Let me rename this to: "Download only path specified in input URI", as the goal is to NOT download more than necessary. I believe the desired result is "only download files which match this path prefix"

@drernie
Copy link
Member

drernie commented Mar 16, 2023

Compare:

  • File: quilt+s3://allencell#package=aics/average_morphed_cell_dataset_1@&path=img_path%2F01fc13e7f1fc03ee3a71aa4182db4ac680bf4a2465952d291836ae1a77521377_Invdividual_SM2_4d_NUP153.tif
  • Folder: quilt+s3://allencell#package=aics/average_morphed_cell_dataset_1@&path=cell_seg_path%2F

Interesting. Folder URIs always have a trailing slash, but nothing has a leading slash.

We could be smart, and match exact if no trailing slash, but match prefix if it does.

@drernie
Copy link
Member

drernie commented Mar 16, 2023

I could pair this with #72 to create a package with only a single file, as a test.

@drernie
Copy link
Member

drernie commented Mar 17, 2023

Similarly, #path in an output package makes it easy to store the results of a run in its own subdirectory

@drernie
Copy link
Member

drernie commented May 22, 2023

I wonder if I was wrong, and this actually never works correctly. Need to test...
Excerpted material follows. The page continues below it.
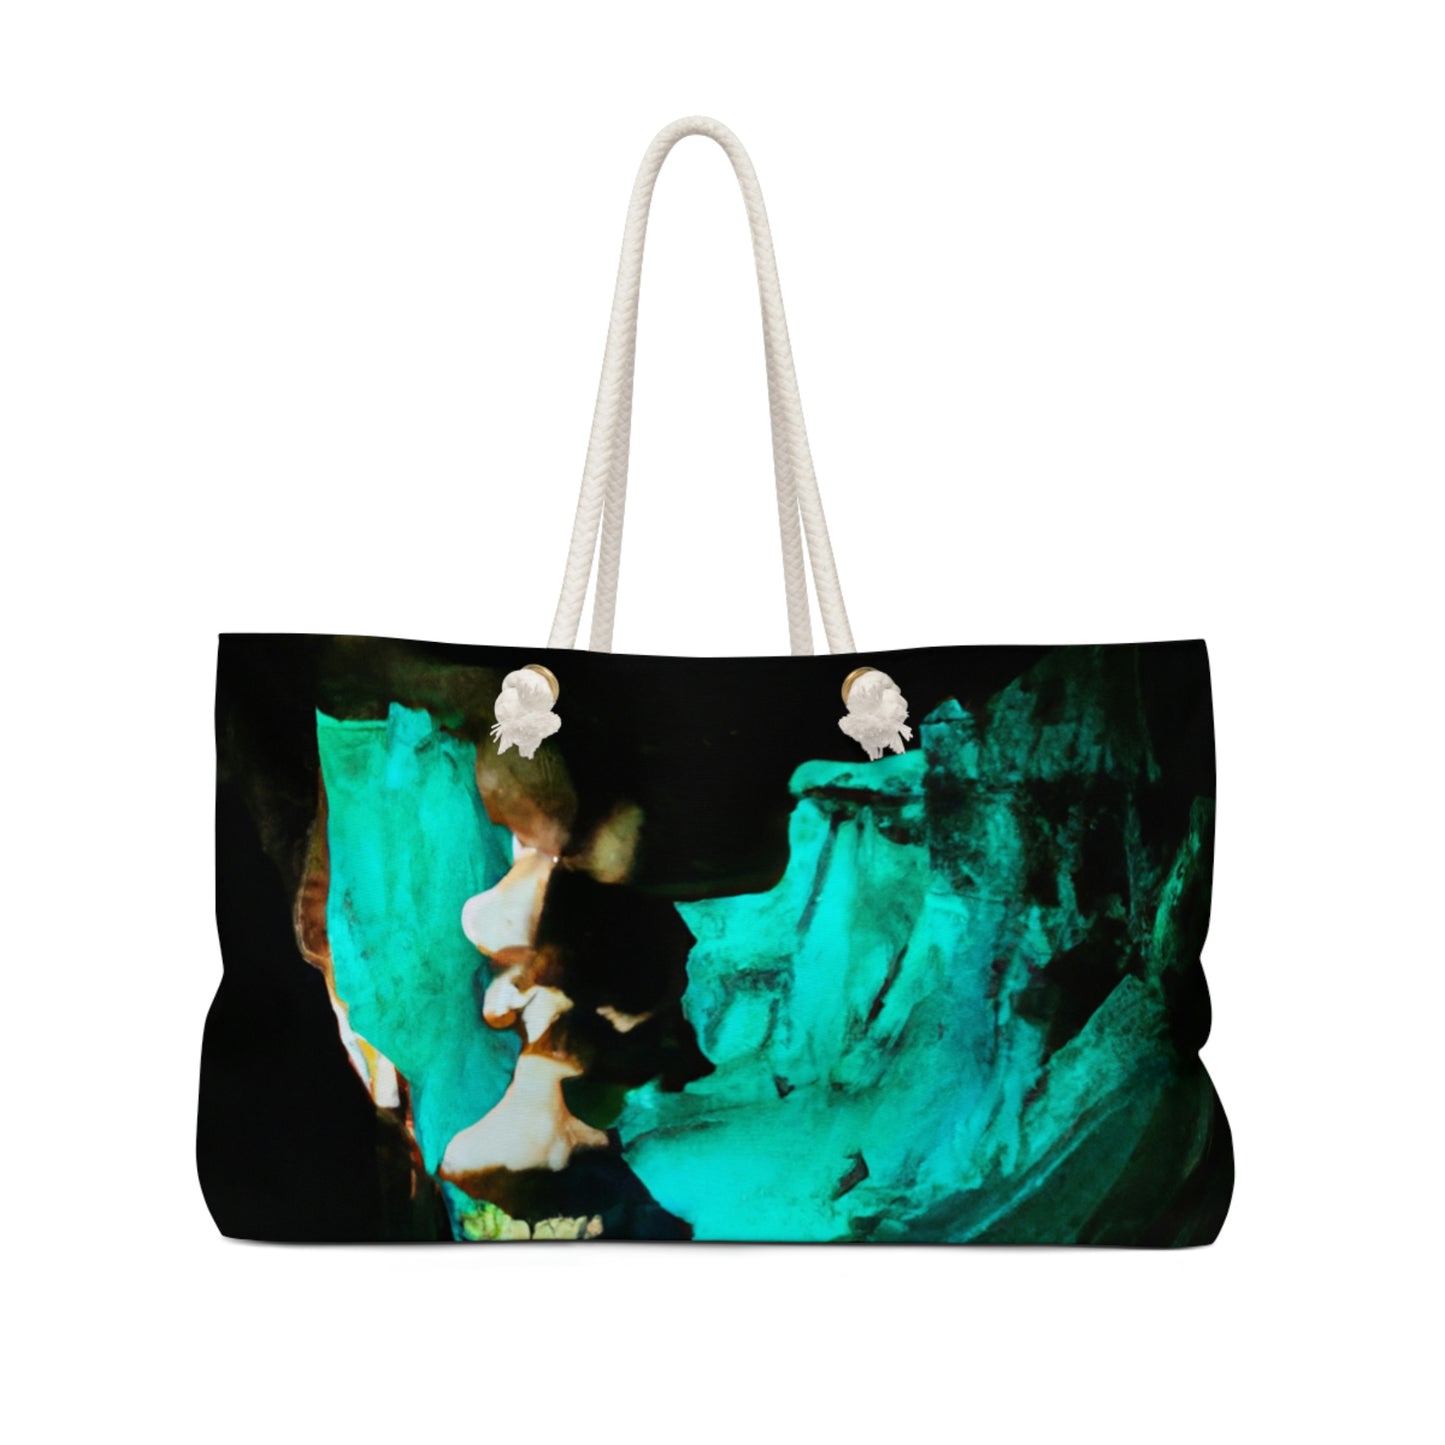 La reliquia reluciente de la cueva - La bolsa de fin de semana alienígena

@drernie drernie changed the title Download only path specified in input URI Support path specified in input URI May 22, 2023
@drernie
Copy link
Member

drernie commented May 22, 2023

May-22 17:05:38.562 [main] DEBUG nextflow.quilt.nio.QuiltPath - Creating QuiltPath: interline-proteomics-analysis?Application=Enceladus&Author=Bianca&Comments=This+a+Package+imported+via+nextflow+quilt+plugin&Date=2023-03-16&Group=Bioinformatics&Program=SLC15A4#package=EDL%2fMSigDB_v7-5@cb598c1eb34c51559050a145efbedec696910caf074bd35cee180f33663d6946&path=raw%2fc2.cp.reactome.v7.5.symbols.gmt
May-22 17:05:38.564 [main] DEBUG nextflow.quilt.nio.QuiltFileSystem - QuiltFileSystem.getPath`[./]: []
May-22 17:05:38.564 [main] DEBUG nextflow.quilt.jep.QuiltParser - forURI[quilt+s3] for quilt+s3://./
May-22 17:05:38.565 [main] DEBUG nextflow.quilt.nio.QuiltPath - Creating QuiltPath: .
May-22 17:05:38.575 [main] DEBUG n.quilt.nio.QuiltFileSystemProvider - <A>BasicFileAttributes QuiltFileSystemProvider.readAttributes()
May-22 17:05:38.576 [main] DEBUG nextflow.quilt.nio.QuiltFileSystem - QuiltFileAttributes QuiltFileSystem.readAttributes(.)
May-22 17:05:38.576 [main] DEBUG nextflow.quilt.nio.QuiltPath - isAbsolute[null]
May-22 17:05:38.578 [main] DEBUG nextflow.Session - Session aborted -- Cause: Cannot invoke "nextflow.quilt.jep.QuiltPackage.packageDest()" because the return value of "nextflow.quilt.nio.QuiltPath.pkg()" is null
May-22 17:05:38.606 [main] ERROR nextflow.cli.Launcher - @unknown
java.lang.NullPointerException: Cannot invoke "nextflow.quilt.jep.QuiltPackage.packageDest()" because the return value of "nextflow.quilt.nio.QuiltPath.pkg()" is null
	at nextflow.quilt.nio.QuiltPath.localPath(QuiltPath.groovy:75)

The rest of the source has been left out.